Generally the fund outlook is long term. The portfolio is an equity strategy investing mostly in growth companies. The benchmark to beat is S&P500. Accumulated returns since the official inception (per February 2019) is about 20%, with S&P500 less than 5%. As a principal to my investor relations I have stipulated to strive to achieve no losses. Since there is a certain amount of risk I am taking, this can mean that I am prepared to liquidate the portfolio, taking short term losses into account in the case of a crisis.
In which markets and segments do you invest?
Primarily in the US market. So most of my investments are dollar based, little currency risk so far. This could change though. Generally I can say that Asia is becoming more interesting.
Do you have a specific approach?
I use several tools and methods, but I can say for sure this: Firstly, I look for a firm with a big vision! Secondly, fundamental analysis where I look at price/earnings, earnings/share etc. Thirdly, I invest primarily in technology companies usually less than mid-cap range.
Are you interested in firms like Tesla?
I do admire Tesla and the incredible disruptions Elon Musk has made. However, founding a firm and running a firm are two different things. I don’t like the fact that a Tweet can cause so much upset on the market. Fact is: Elon Musk is an excellent founder for example Paypal, Tesla, Space X, but he is not a good leader of a company. At the moment it is still at an early stage, but I observe it.
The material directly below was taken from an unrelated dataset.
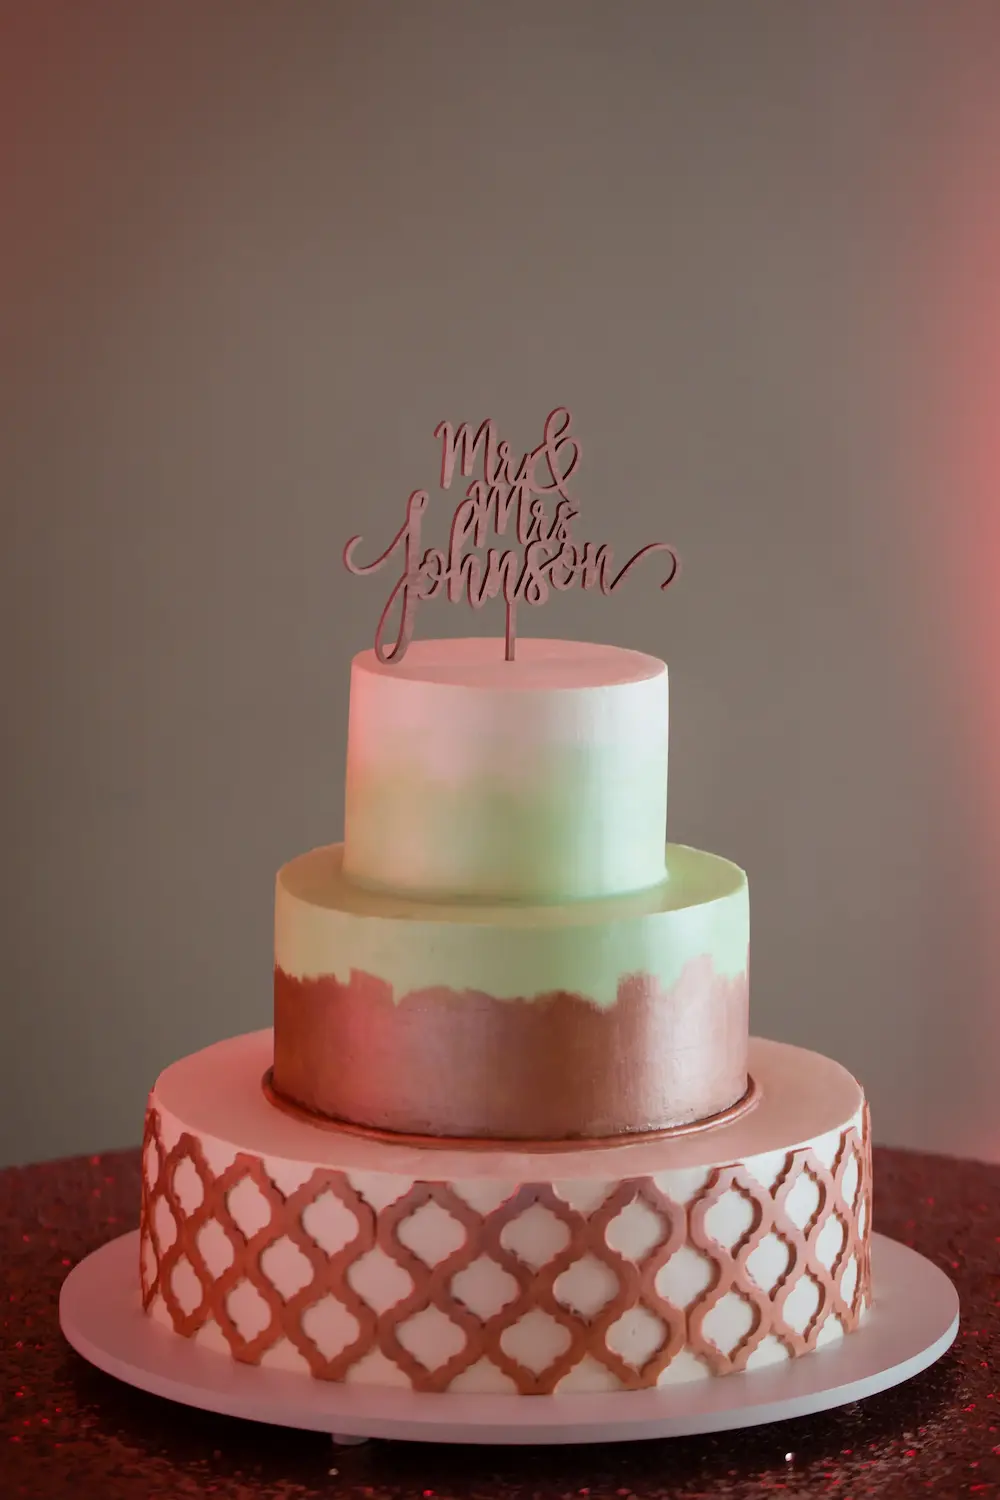 Brown wedding cake

Do you follow Warren Buffet’s investment philosophies?
Yes and no. He never really covered technology, but I think he came from a different era, with Coca Cola and Gillette. I am from a technology era and in terms of risk I can take on more, I am only twelve.
I guess you have the standard 2/20 fee structure (2% management fee and 20% performance fee%)?
No, I get exactly 1%! For me the real value is the possibility to invest and learn something in the real investment world and markets. When I won the investment competition, that was different, the money invested was just a fictitious 25’000 start capital. With this fund I am investing real money. Every decision I make will be felt.
In addition to the fund, I guess you manage your own money too?
Yes, but my personal portfolio I manage much more aggressively.
What is your overall return on that portfolio?
I bought my first stock 5 years ago and have added funding to it over the years. However, neutralizing any external cash inflows my performance is about 200%.
Do you share your passion with friends?
Yes, over the years I have found friends all over the world. Some also took part in the trading competition and we share ideas and tips regularly. I also coach them too.
Do they pay for your tutorials?
No, they are friends! We just enjoy investing.
So Richard Schäli, as the Roger Federer of investing, do have you got any tips for the reader before we close?
Yes sure, – I would say the first one is, never fall in love with a stock or investment!
Because you will ignore the negative side of the news and your good judgement will be temporally distorted. It’s better to fall in love with the investment process itself! – The second one is, for growth, don’t invest in big companies! They cannot grow 500% a year! – The third one is, you never learn as much as from your own mistakes. It is important to have a positive attitude towards them.
Can you be specific here?
Well, I keep a trading dairy.
So you list all your trading activities there?
No, I only make notes of the mistakes I made.
That’s interesting. Some people would take every opportunity to amplify and glorify ones successes, but you only journal your failures!
Well yes, it’s a diary of my mistakes. This way I try to make sure I don’t do them again. I review my dairy about once a month.
One last question on when you approached me, what do you think of the Bankey?
I think it is a really great idea and very unique! Not easy to cover this industry. You do it very well and I find your comics very amusing.
Which is your favorite?
I really liked one on Fintech Africa, also didn’t know about the strong fintech developments there. Also the one on Bitcoin with the wave on the horizon I like.
Thank you for sharing your financial investment journey and your insights with us Richard!